Data are said to be classified hierarchically if the units have several groupings successively nested within each other. One way of representing such a classification would be to identify the groupings in each stratum of the hierarchy by a single factor; two units with the same value for one of the factors would then be required to have the identical values for the factors representing the previous strata. An alternative method is to use not only the factor for the current stratum, but also the factors for previous strata, to indicate the groupings that occur there. For example, the following classifications are effectively equivalent:
(1) | (2) | |||
Unit | Factor 1 | Factor 2 | Factor 1 | Factor 2 |
(stratum 1) | (stratum 2) | (stratum 1) | (stratum 2) | |
1 | 1 | 1 | 1 | 1 |
2 | 1 | 1 | 1 | 1 |
3 | 1 | 2 | 1 | 2 |
4 | 2 | 3 | 2 | 1 |
5 | 2 | 4 | 2 | 2 |
Thus, in the second form of representation, the second factor indicates the sub-divisions within each group in the first stratum, using the same levels each time. This more efficient method is the one required by HANOVA
.
The simplest way to use HANOVA
is to set the VARIATES
parameter to a single variate (or to a pointer if several variates are to be analysed), and set the FACTORS
parameter to a pointer of factors.
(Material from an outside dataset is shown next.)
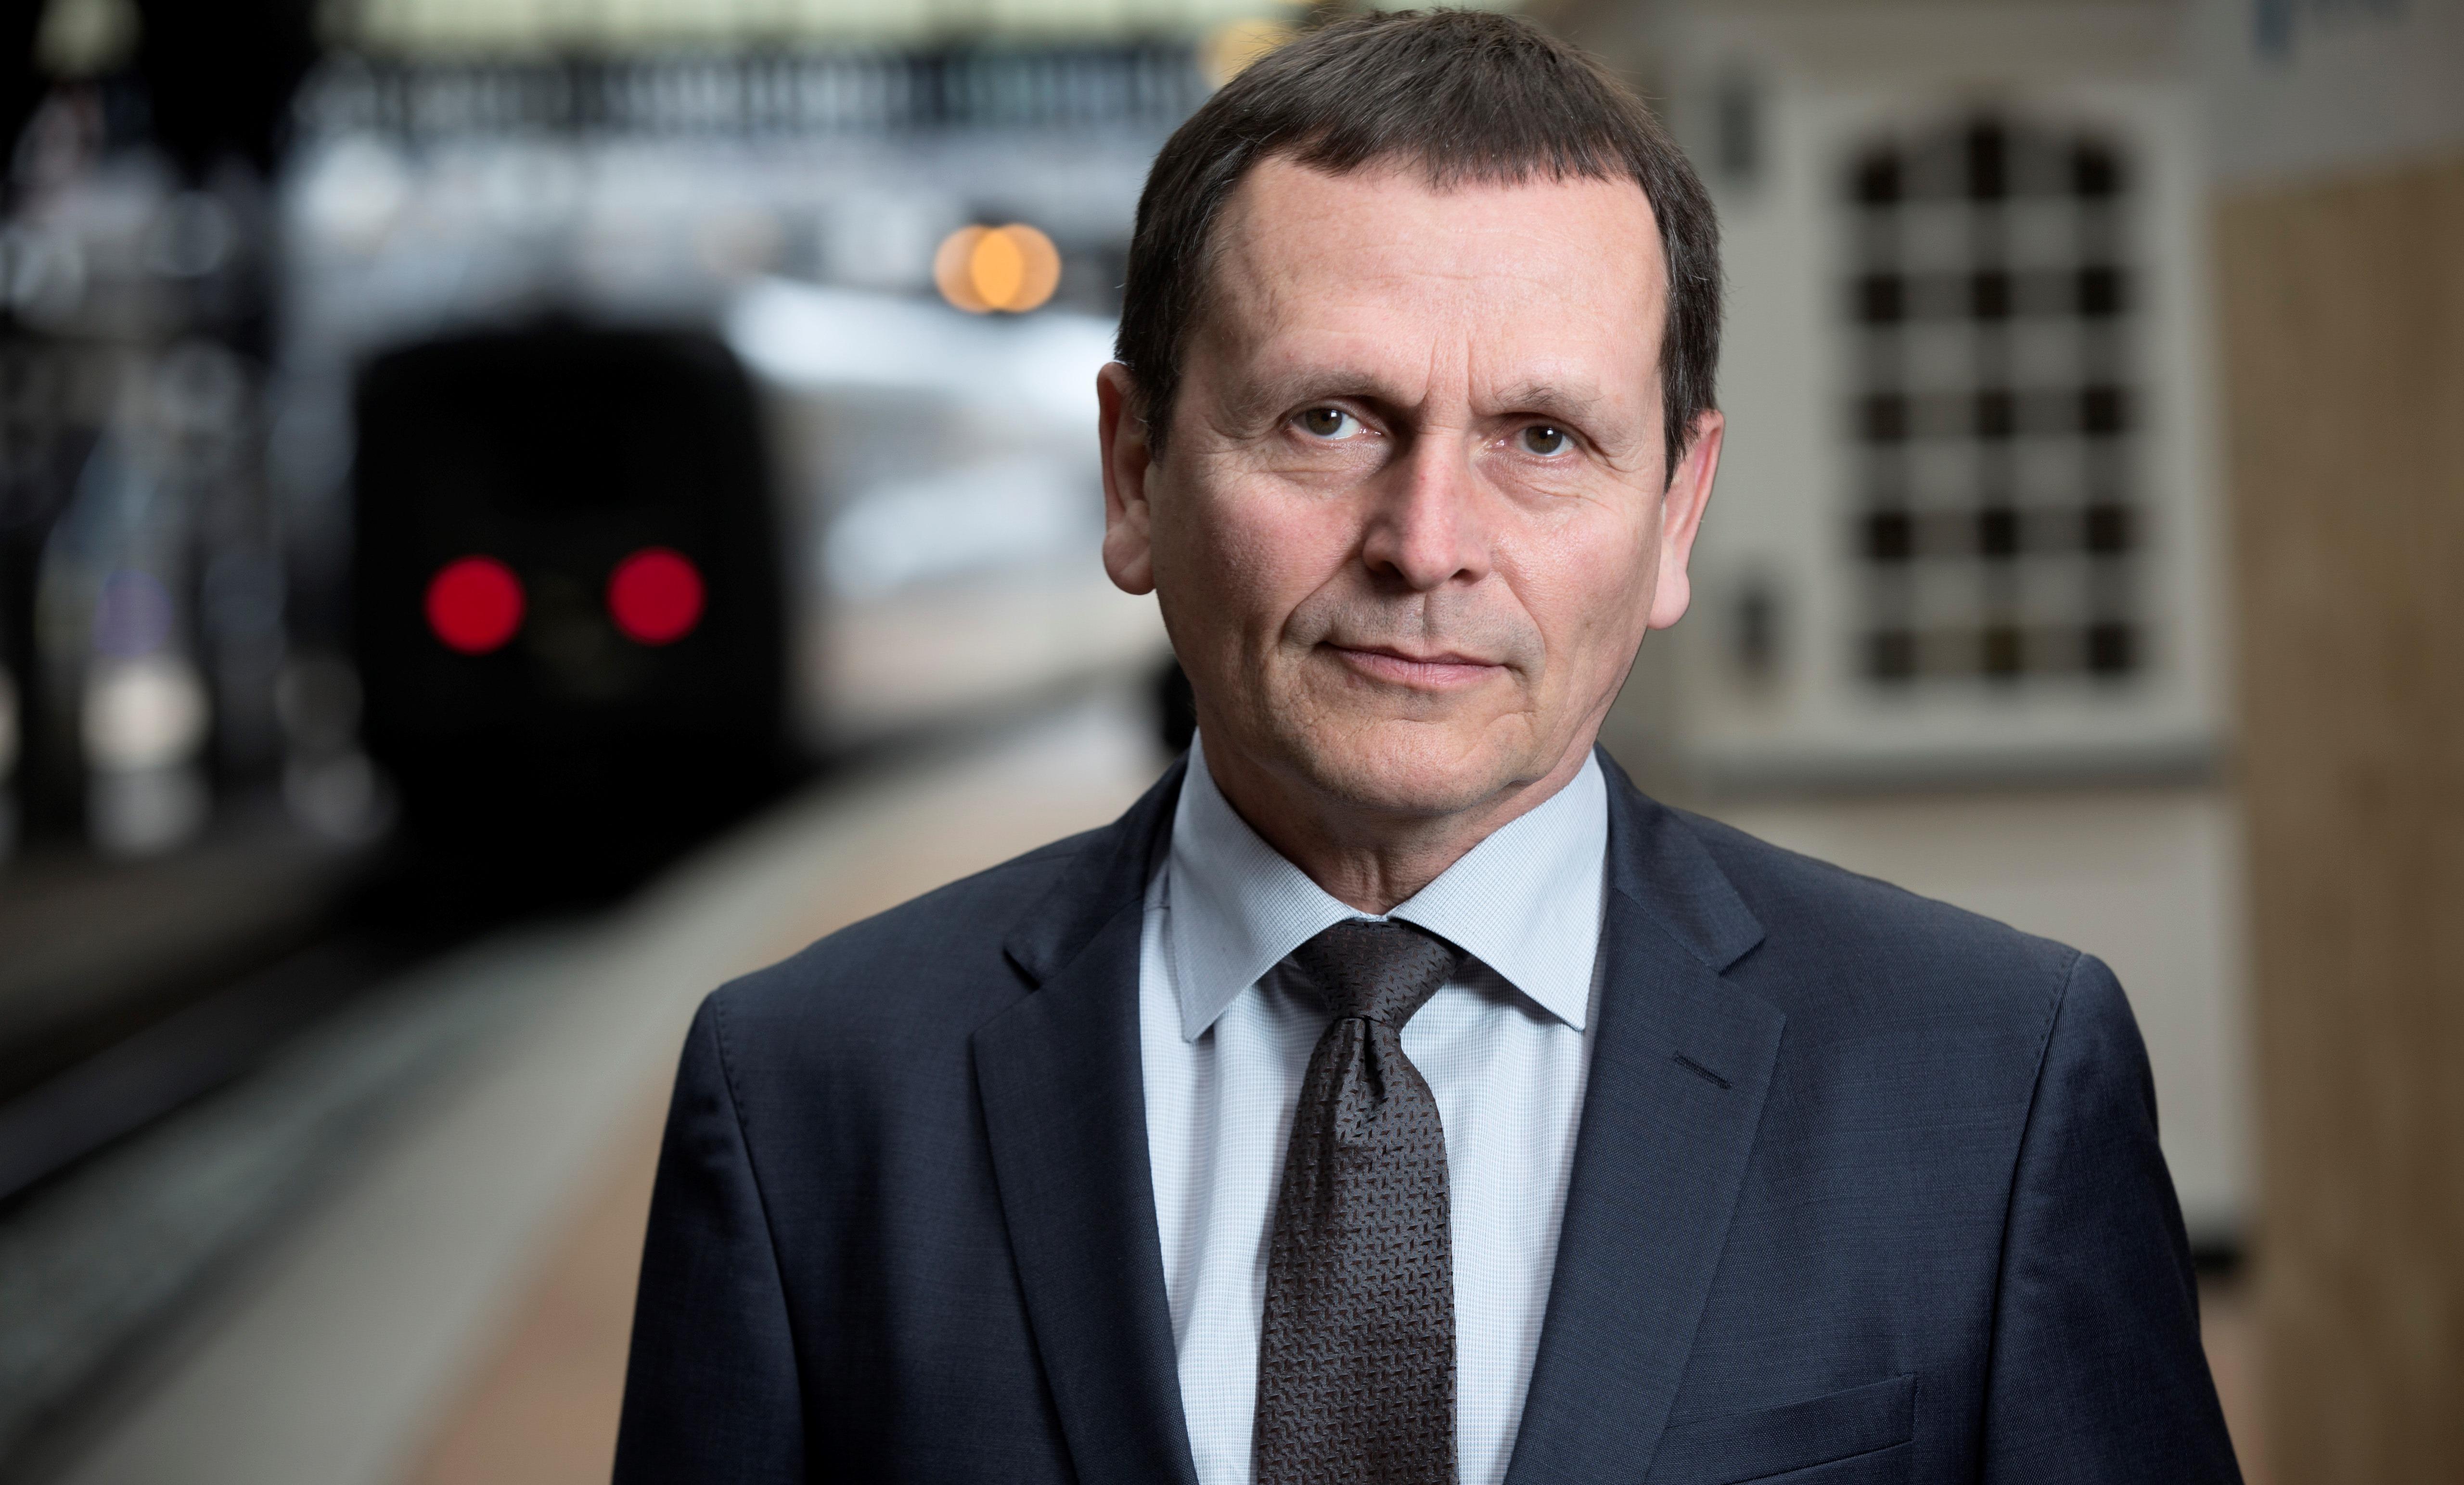 Adm. direktør Flemming Jensen, DSB (Foto: Klaus Holsting)

The factors must be in the order of the hierarchy with the first factor defining the coarsest grouping of the units and succeeding factors being nested within the first. The units of data stored in the variates and factors can be in any order.
Since hierarchical data can often be extensive, HANOVA
can be requested to read the data sequentially, tabulating it with respect to the factors, so that the data need not all be held in core at the same time. The INCHANNEL
defines the channel number of the file from which the data are to be read; if INCHANNEL
is not set, the data are assumed to be present already, in the factors and variates contained in the VARIATES
and FACTORS
parameters. The FORMAT
option allows a variate to be specified for use in the FORMAT
option of the READ
command within the procedure; if this is not set, the default format of READ
is assumed.
If a unit has a missing value for any of the variates or factors, it is omitted from all the analyses. The procedure carries out analyses of variance for specified variates, and of covariance for specified pairs of variates. Variance components are calculated for each stratum: that is, the proportion of the total variance per individual ascribable to the various strata of the classification.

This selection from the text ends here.